Las Vegas to San Bernardino

The Vegas-to-San Bernardino, CA, run on the Union Pacific had long intrigued me. I had dark fantasies of crossing the Mojave in an open car without a hat. On the other hand, as paleography class ended last Friday, I could start on a long-postponed paper and applications.

You live once.

The Strip teemed with the usual desperate crowd. I wandered through the 2 new casinos, the Excalibur and the Mirage. Had I known what the next 2 days would bring, I would've returned home forthwith: a big hobo who turned ugly; a yardmaster and crew who tested my skills to the limit; and an extra day spent suffering from dehydration.

Including all the stops to yield to faster trains, the first day's ride averaged 17 mph. Along the way, which was peppered with flowering cacti at trackside, we hit a vast forest of Joshua trees. There must have been millions of them; for many miles of railroad, they extended to the horizon on both sides. We crossed into East Mojave National Scenic Area.
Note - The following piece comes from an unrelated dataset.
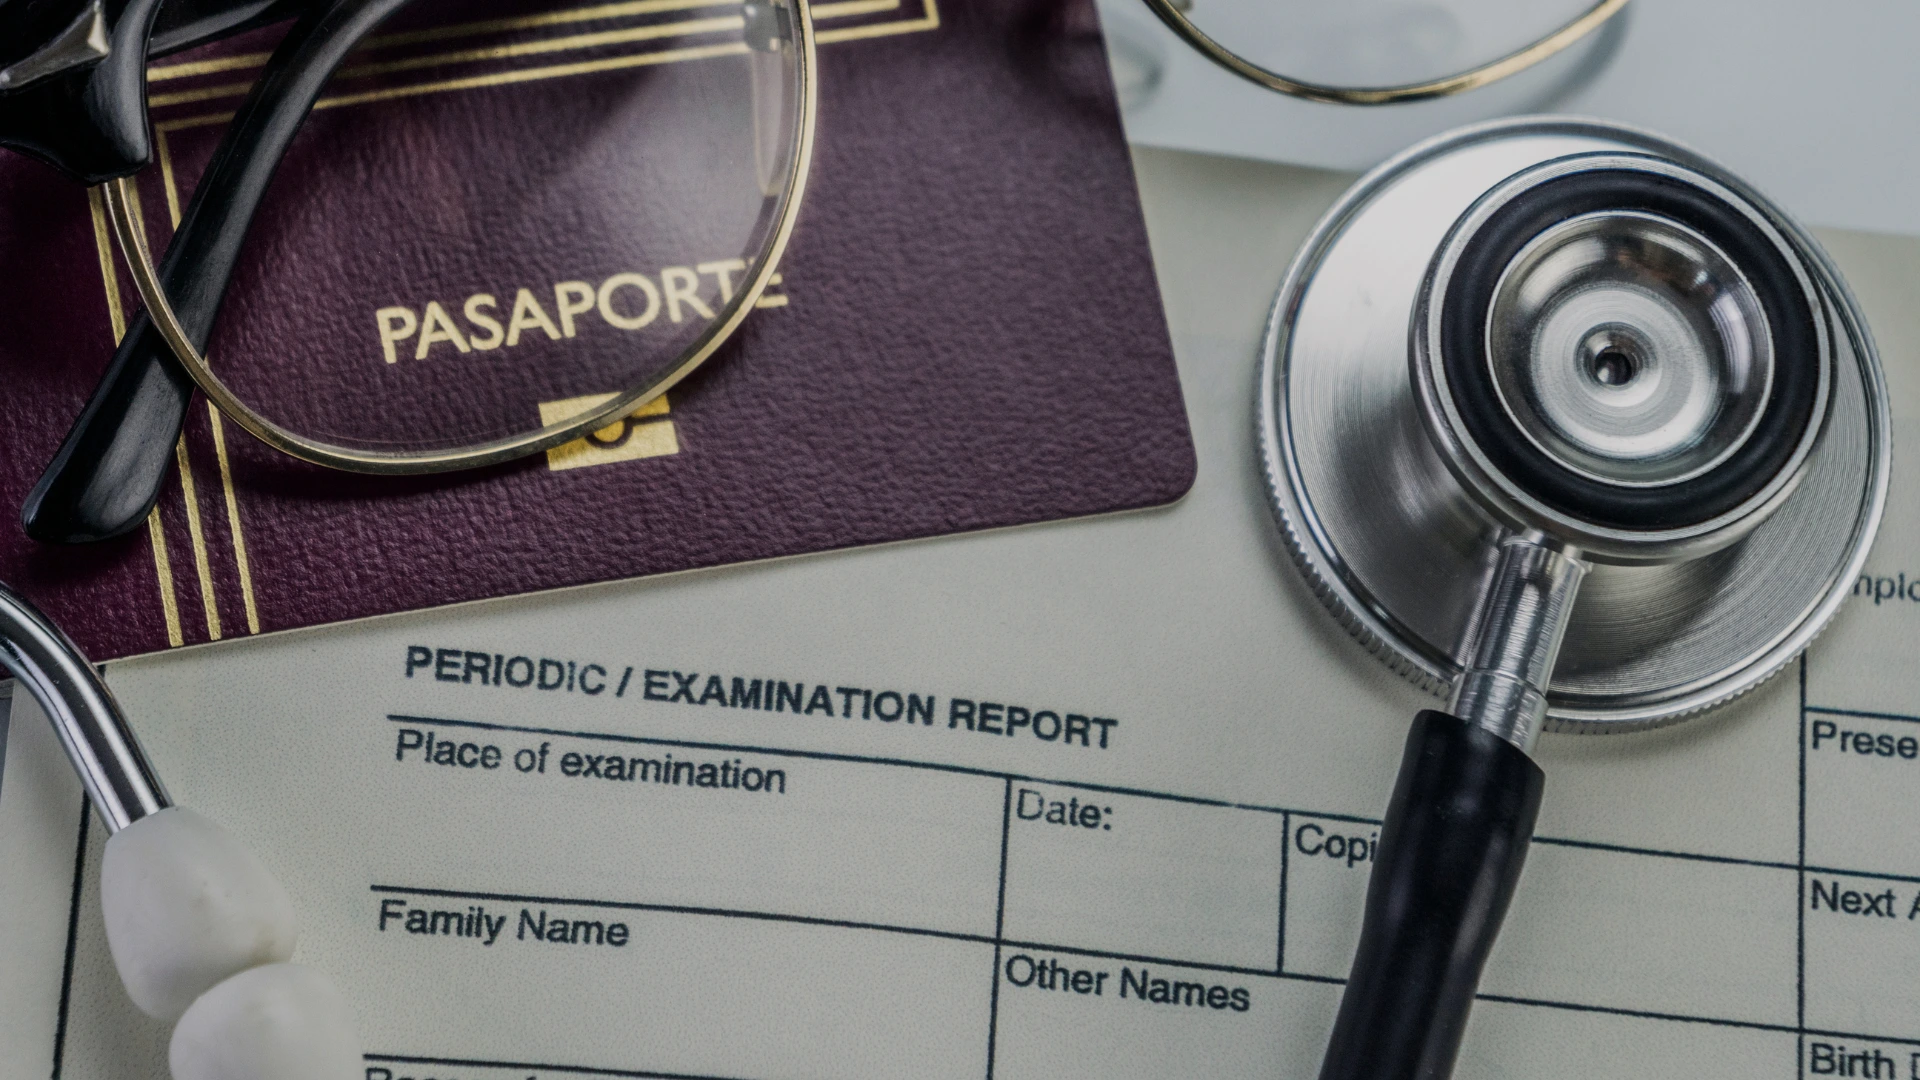 image showing passport and stethoscope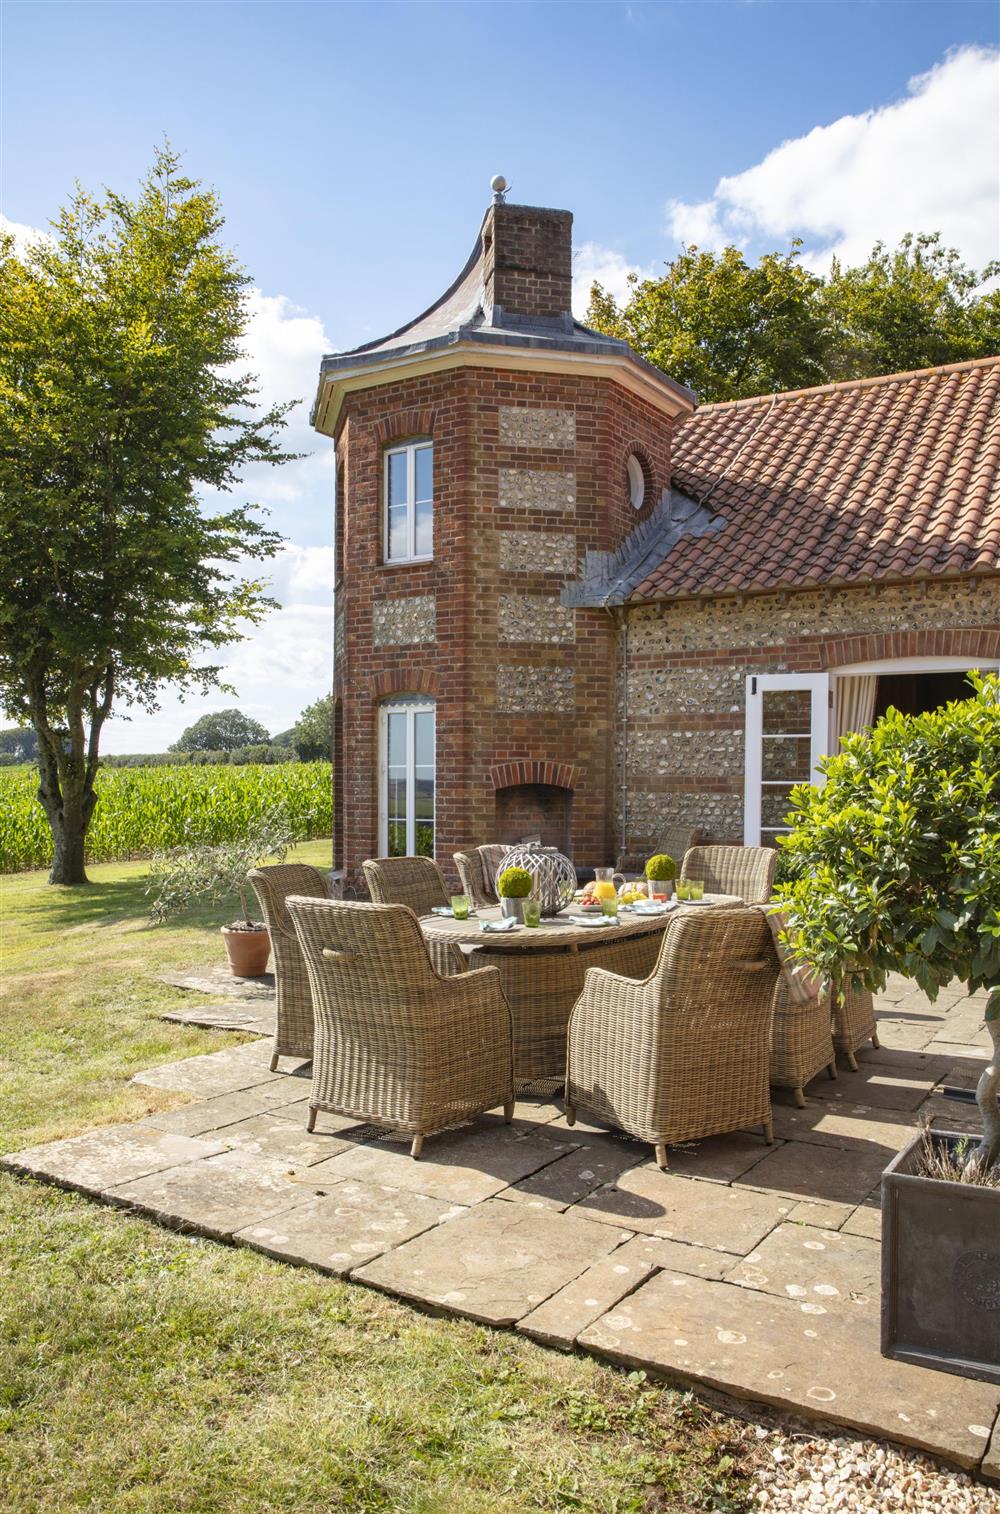 The dining terrace with outstanding rural views at The Shooting Lodge, Dorset

The highlight was a brief stretch in the shadow of looming red cliffs, with remarkable rock formations falling away to the east.

After only 173 miles, the train broke up in Yermo, CA. I'd have to find a new ride to San Bernardino, which lay 92 miles ahead.

In the desert-marooned company town of 600 people, I met Big John. He was a huge, bearded tramp who lived in an A-frame on railroad land. Like many tramps, he bristled with a show of toughness before softening.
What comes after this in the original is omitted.